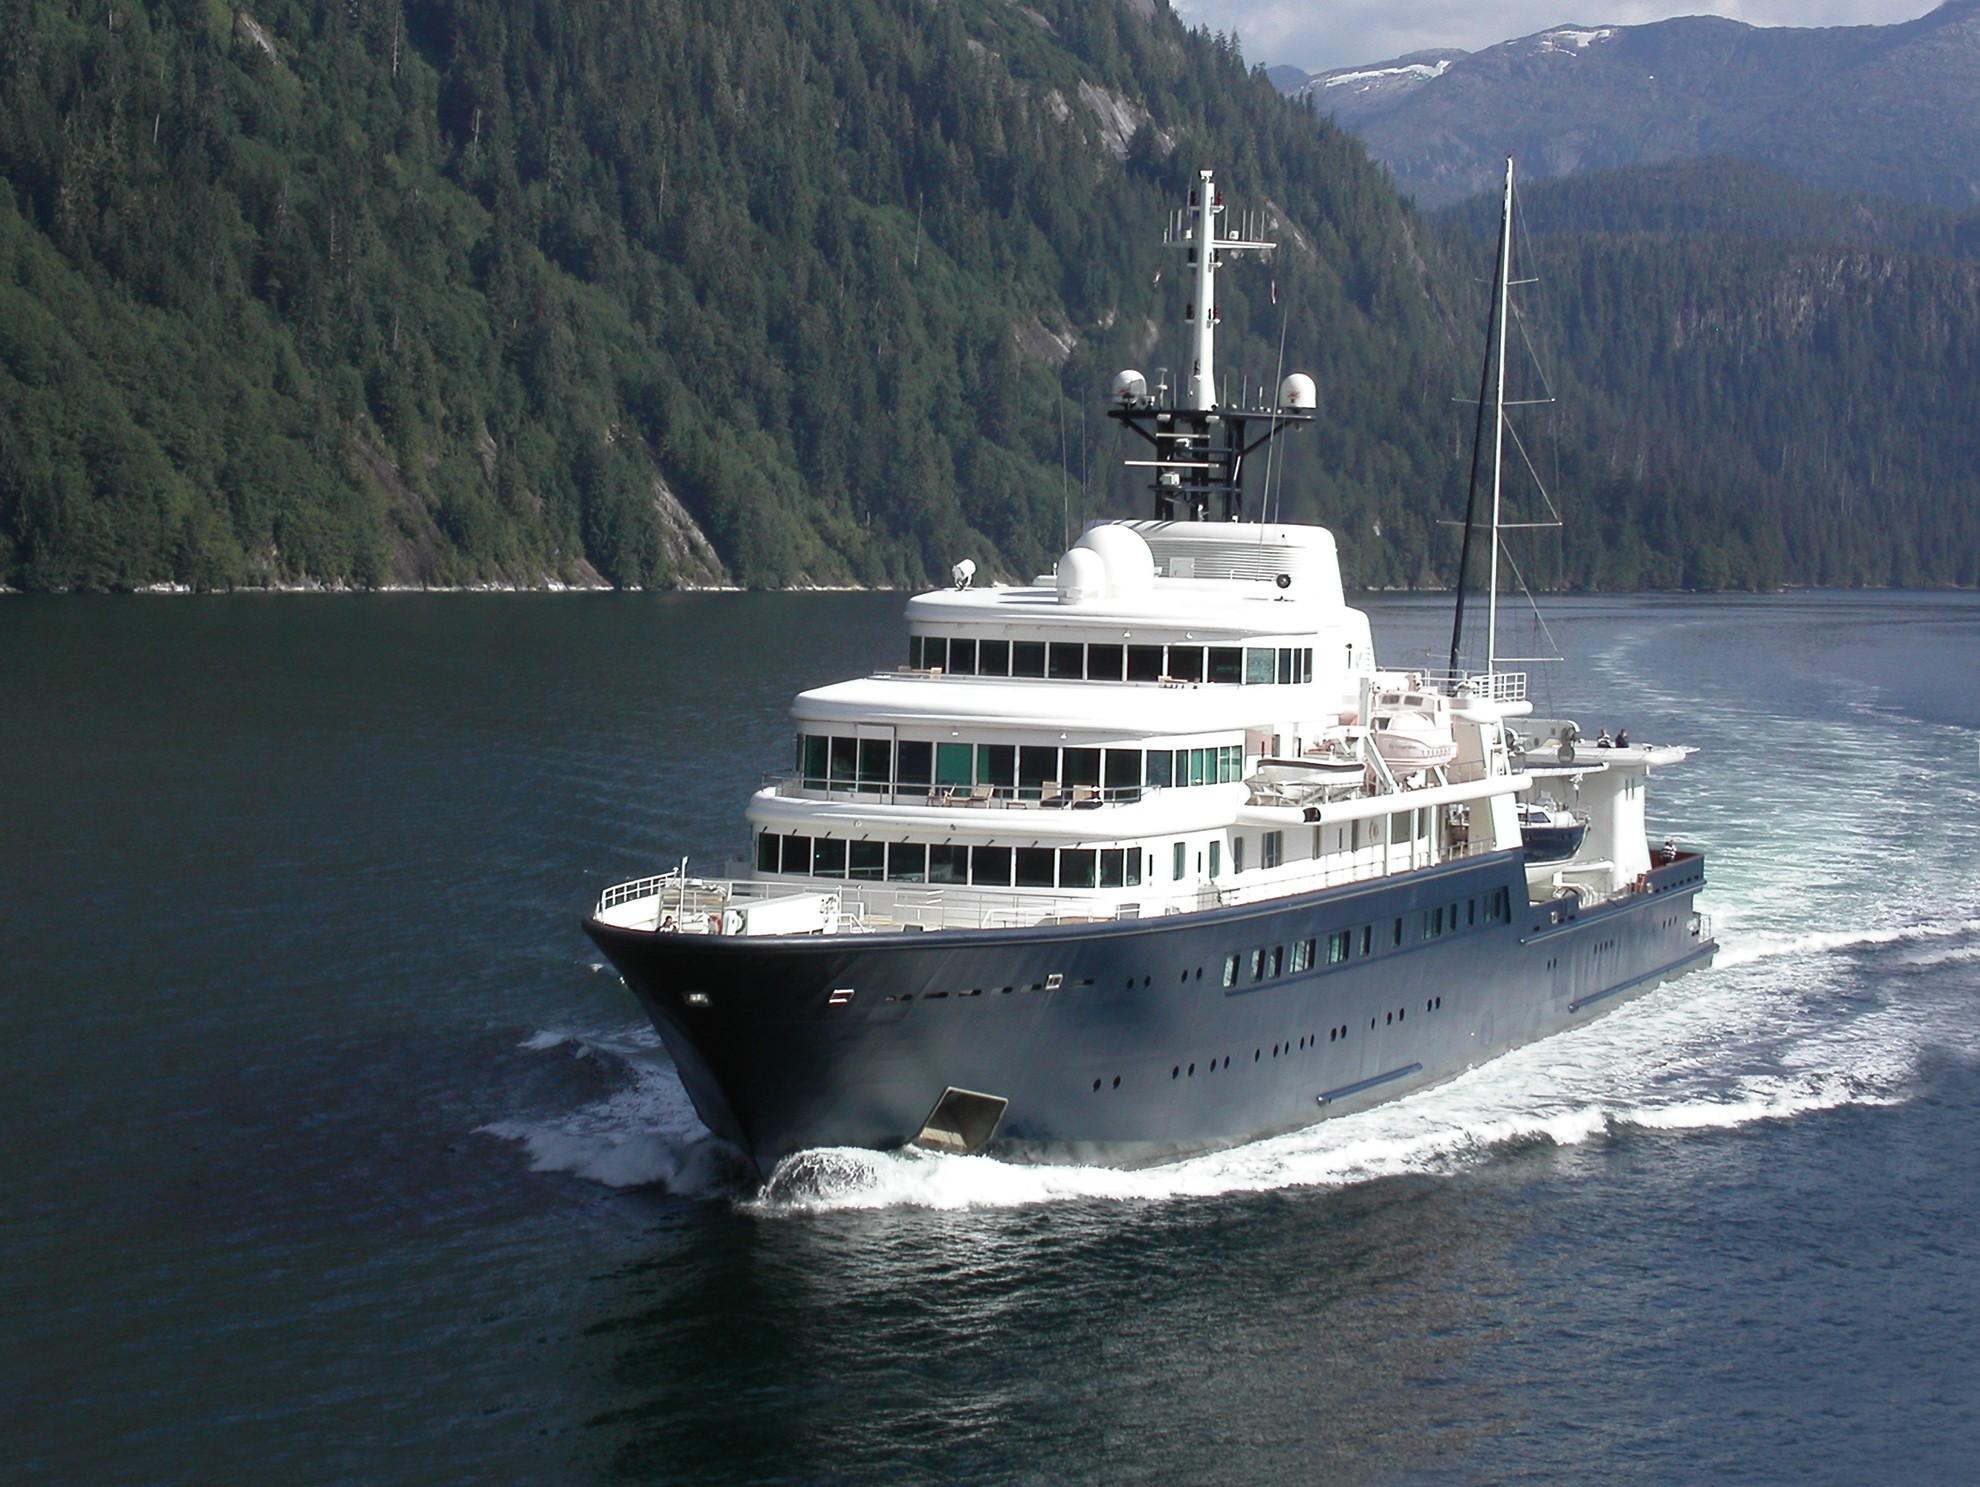 Yacht Le Grand Bleu Bremer Vulkan Charterworld Luxury Superyacht Charters
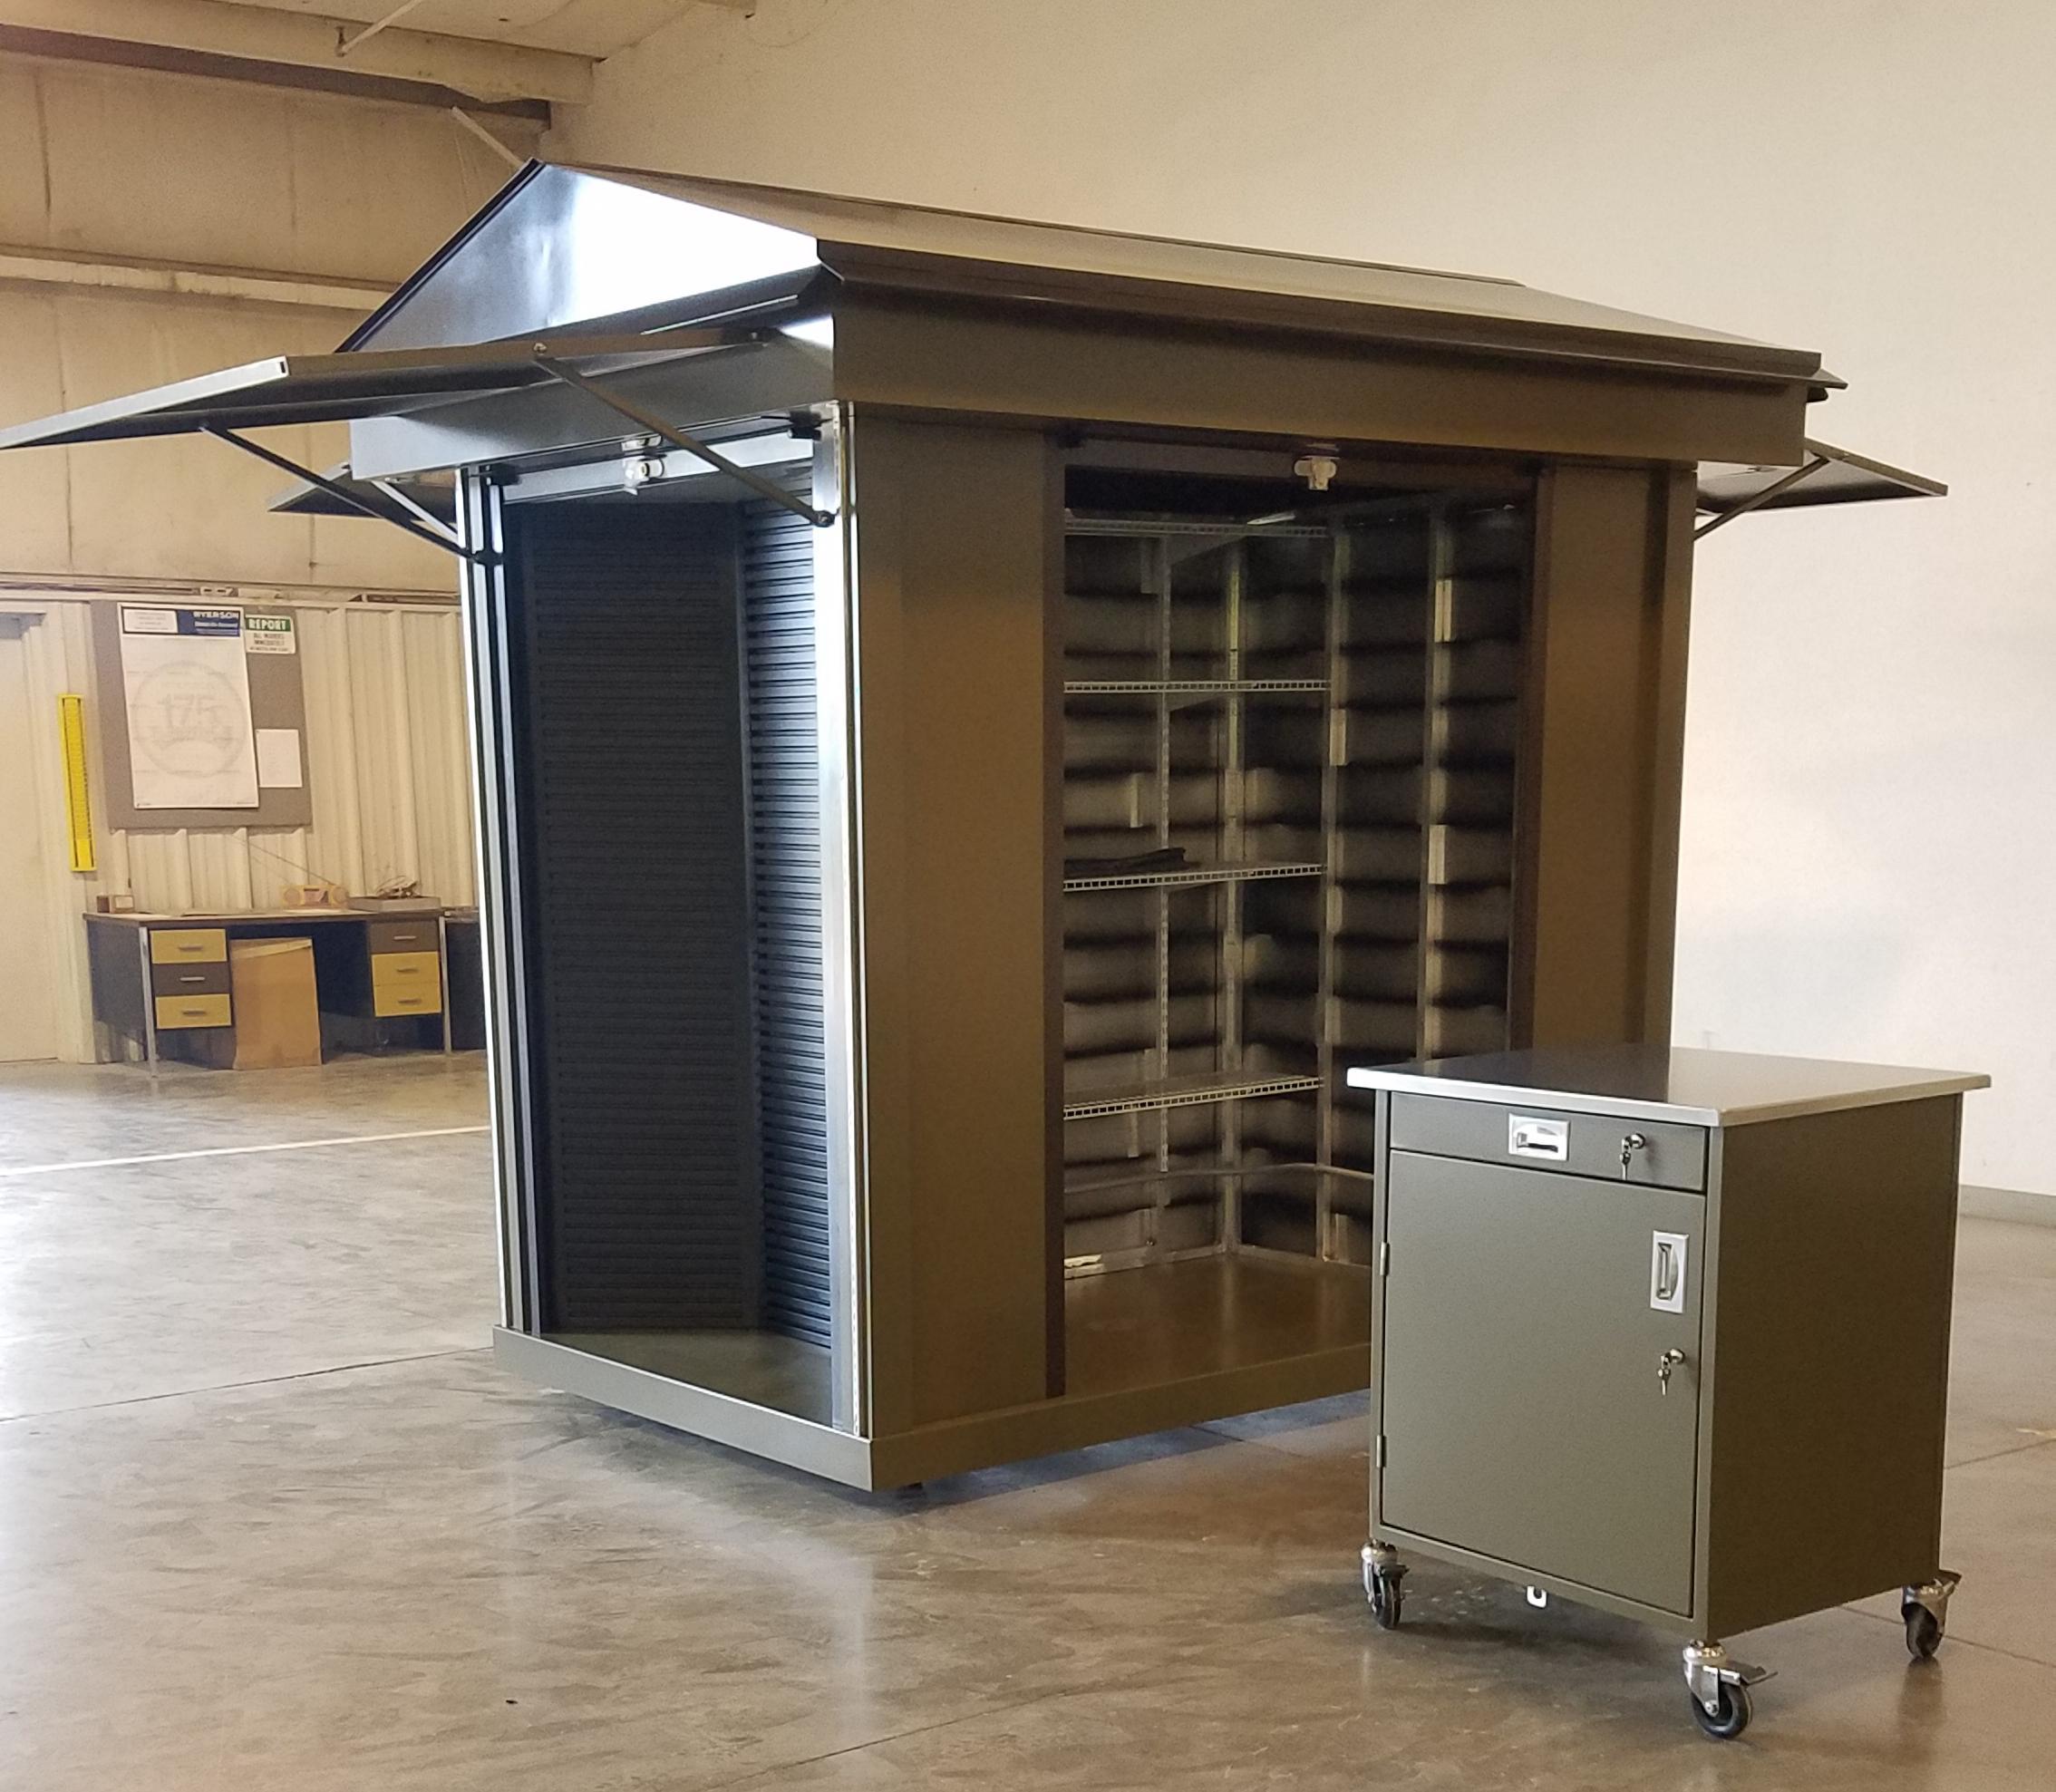 Lancer Oklahoma Zoo Slatwall Kiosk with POS Cart
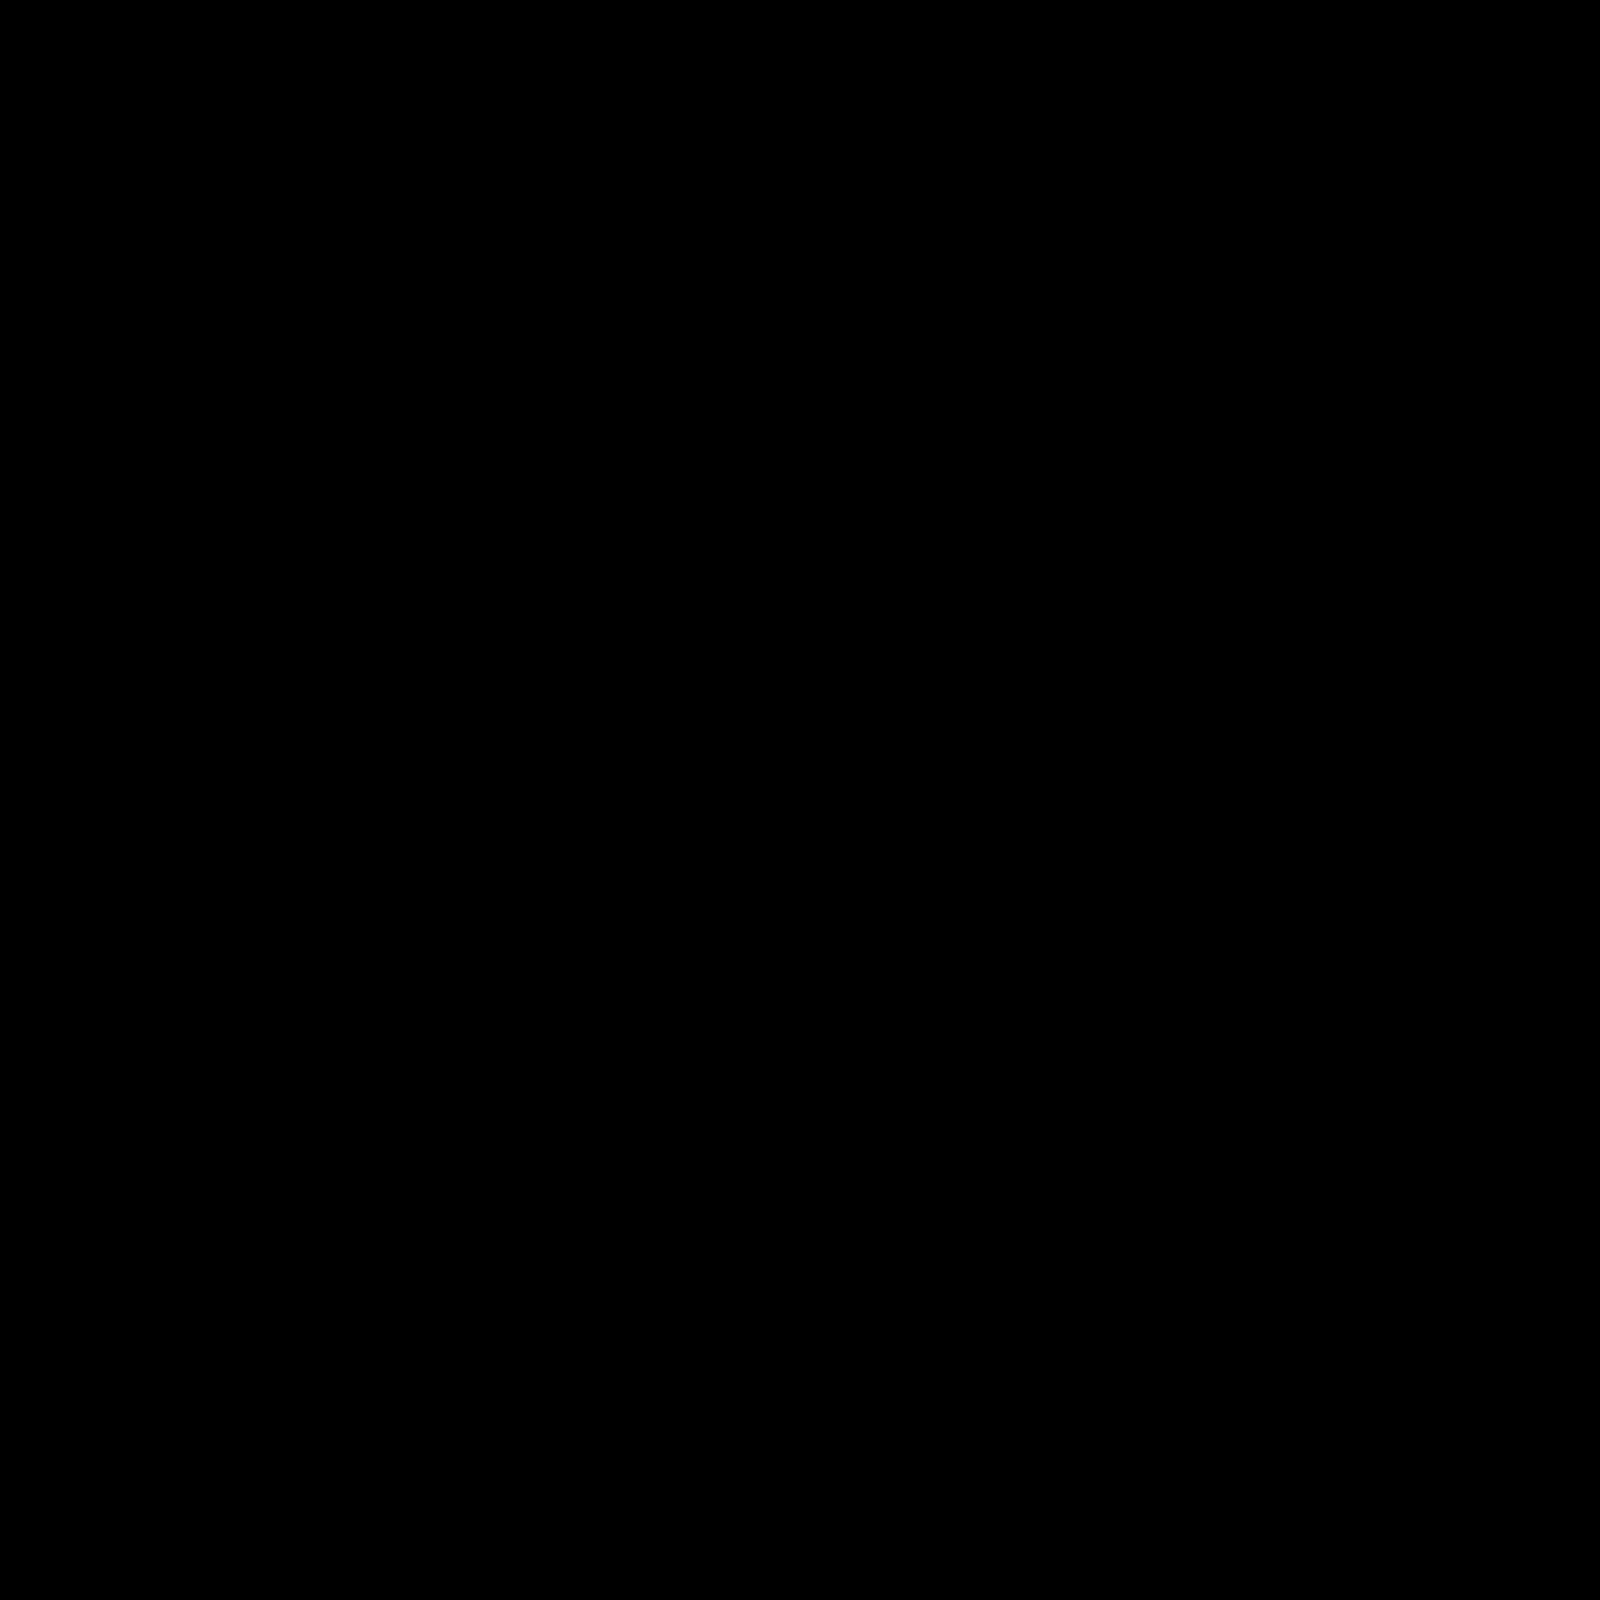 Xxl Kleurplaat A3 Kostenlose Malvorlagen F 252 R Erwachsene Zum Ausdrucken

**WORK TO BE COMPLETED:** Would you retype every line shown above exactly, leaving the pictures aside?

**EXERCISE SOLUTION:**
 Yacht Le Grand Bleu Bremer Vulkan Charterworld Luxury Superyacht Charters
 Lancer Oklahoma Zoo Slatwall Kiosk with POS Cart
 Xxl Kleurplaat A3 Kostenlose Malvorlagen F 252 R Erwachsene Zum Ausdrucken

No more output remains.